Don't skip the test. Sending your first invoice "blind" is how you find out four hours later that your SMTP credentials had a typo.

Common mistakes

  • Using Built-in for high volume. You'll hit the rate limit, mail will queue or fail silently, and customers won't get their invoices. Move to Custom SMTP before this becomes a problem.
  • Setting up SMTP without verifying with a test send. Your real customers shouldn't be the ones who find out it's broken.
  • Skipping SPF/DKIM/DMARC. Your mail goes to spam, and the cause is your DNS — not Gmail being unfair. See Email deliverability — fixing 'going to spam' issues.
  • Using your personal Gmail. Personal Gmail has tight rate limits and will flag third-party SMTP logins as suspicious activity. If you're using Gmail, use Google Workspace (the paid business version), not personal @gmail.com.

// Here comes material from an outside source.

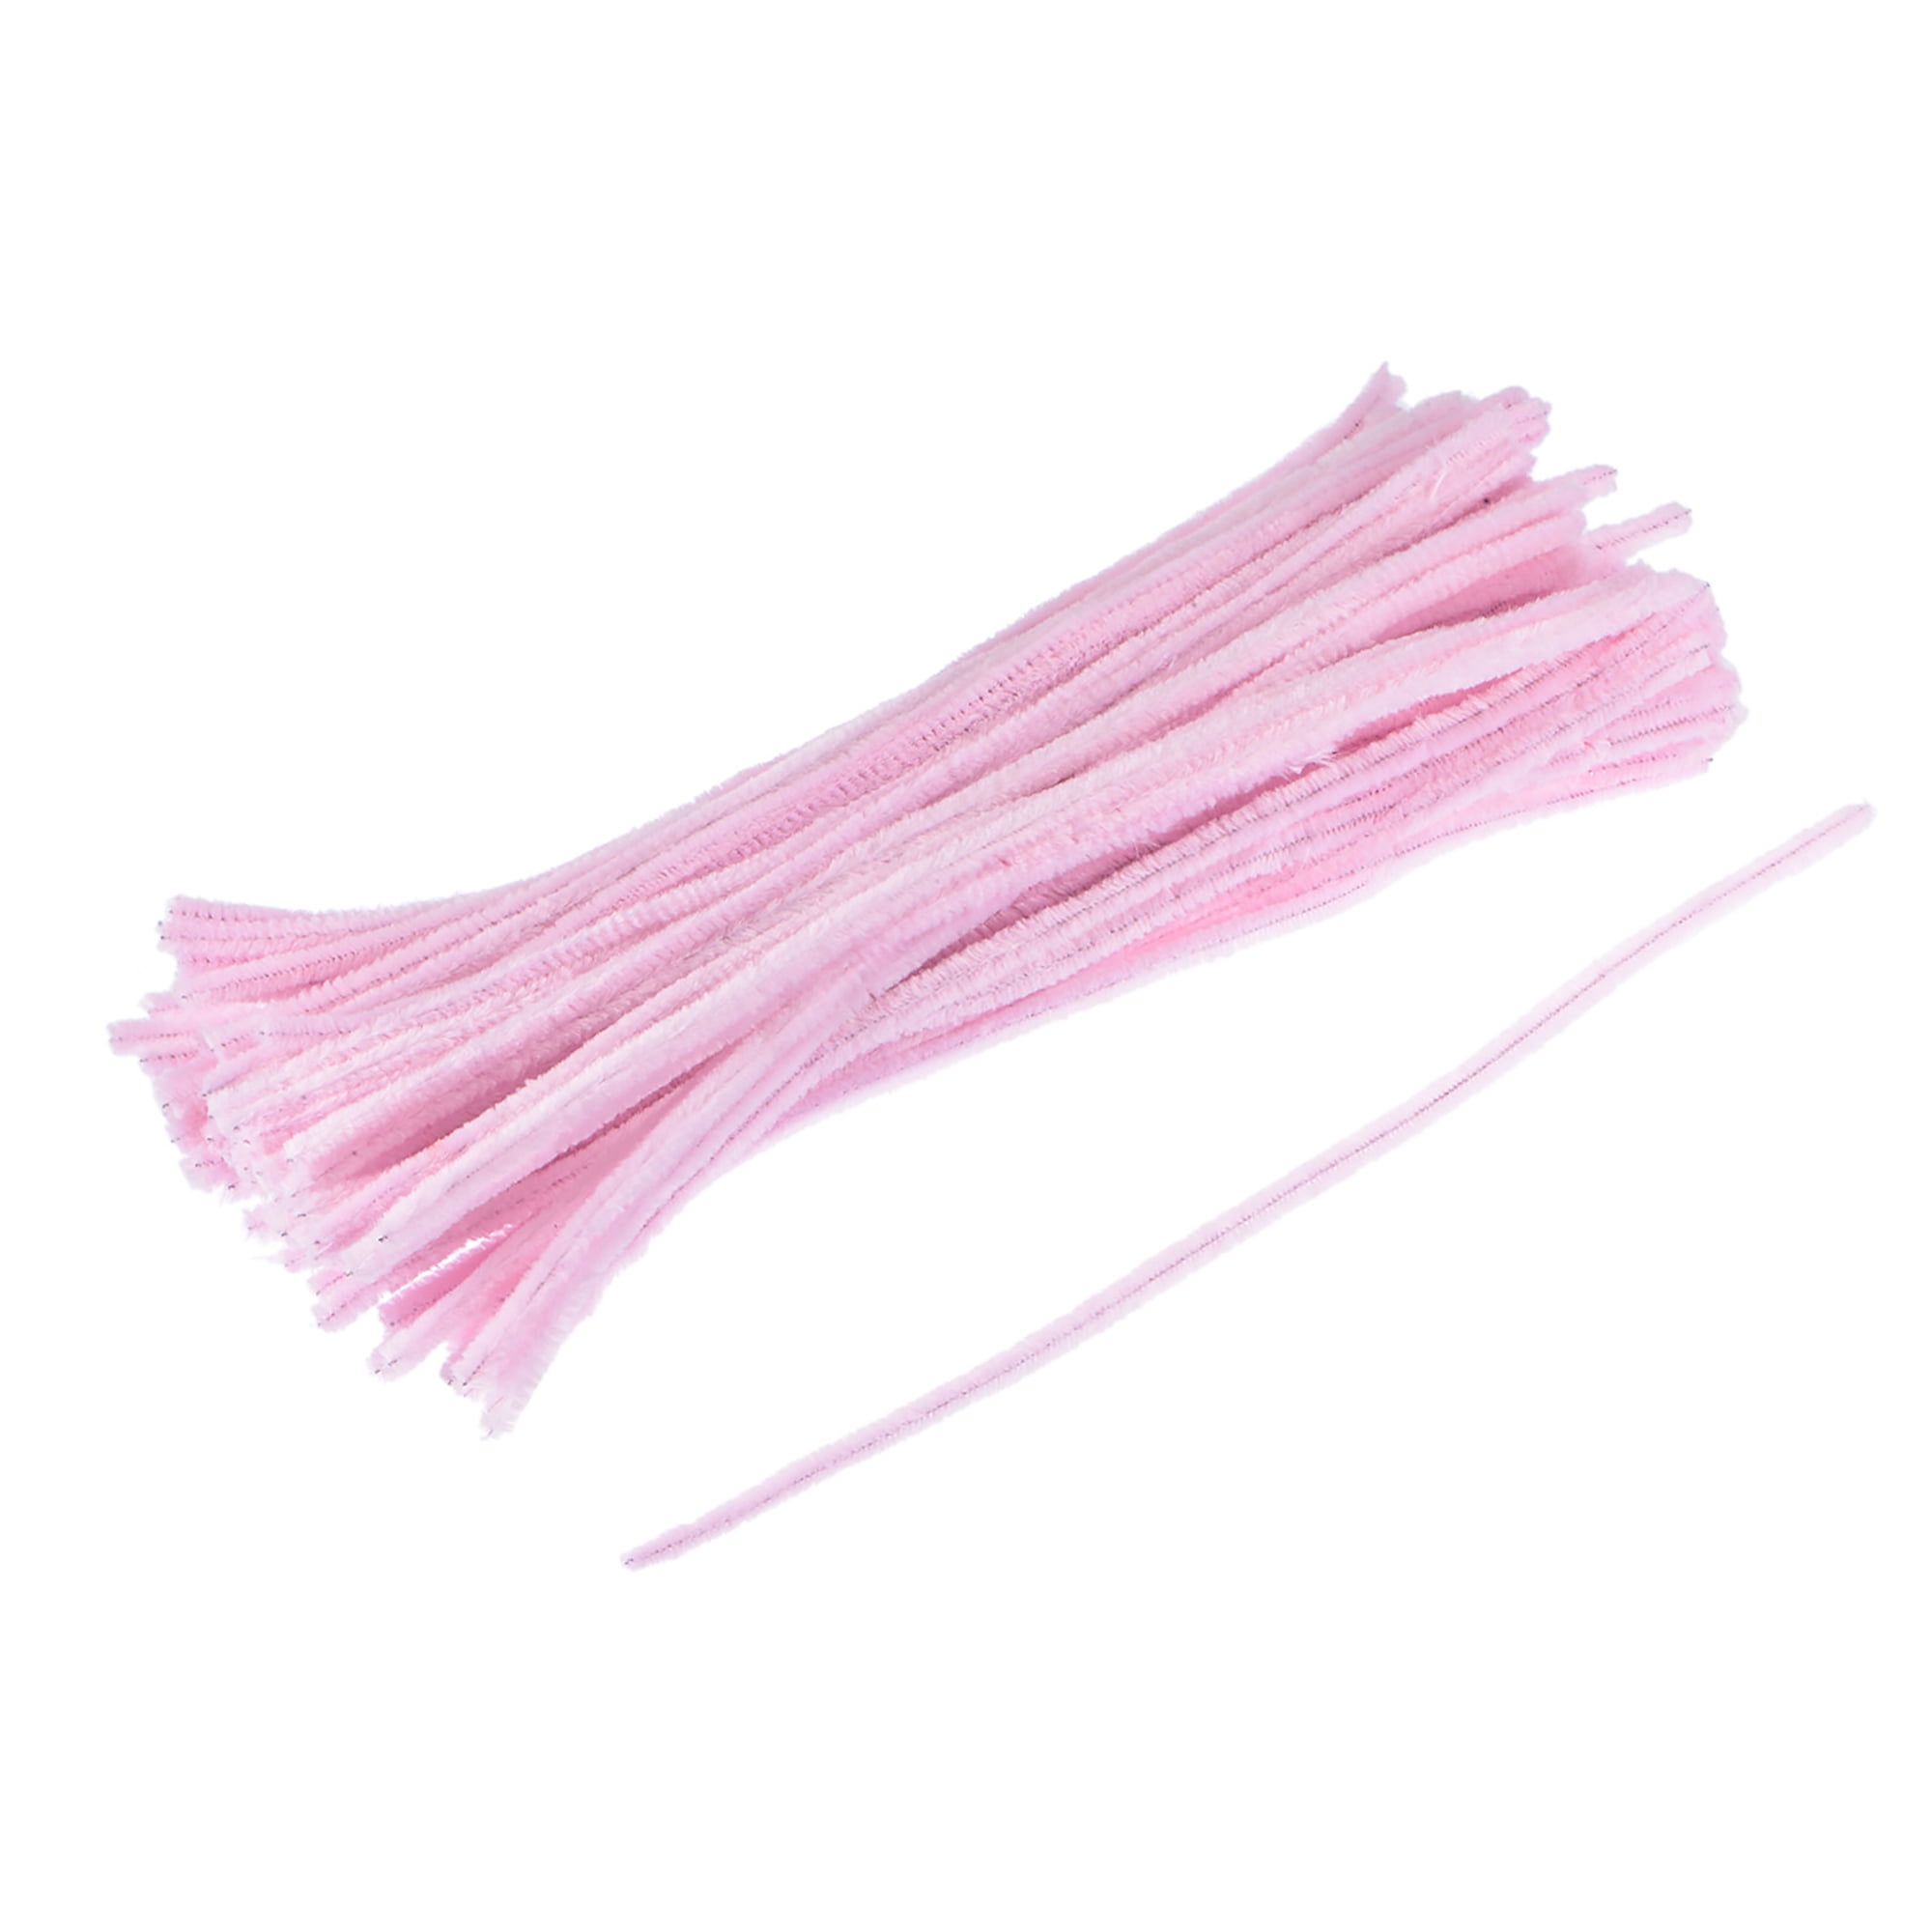 F.e.s.s Extra Absorbent Pipe Cleaners 12 inches (Soft)

  • Not monitoring the Reply-To inbox. Customers reply to invoices ("Can I pay this in two installments?") and the reply lands in an inbox nobody checks. They get frustrated, and you don't even find out.
  • Confusing From and Reply-To. Most businesses want both to point at a real, monitored mailbox. Don't use a no-reply From unless you genuinely don't want customer replies.
  • Forgetting to update credentials when you rotate the password. Mail abruptly stops sending. Check the Email Configuration screen for the "last successful send" timestamp if you suspect this.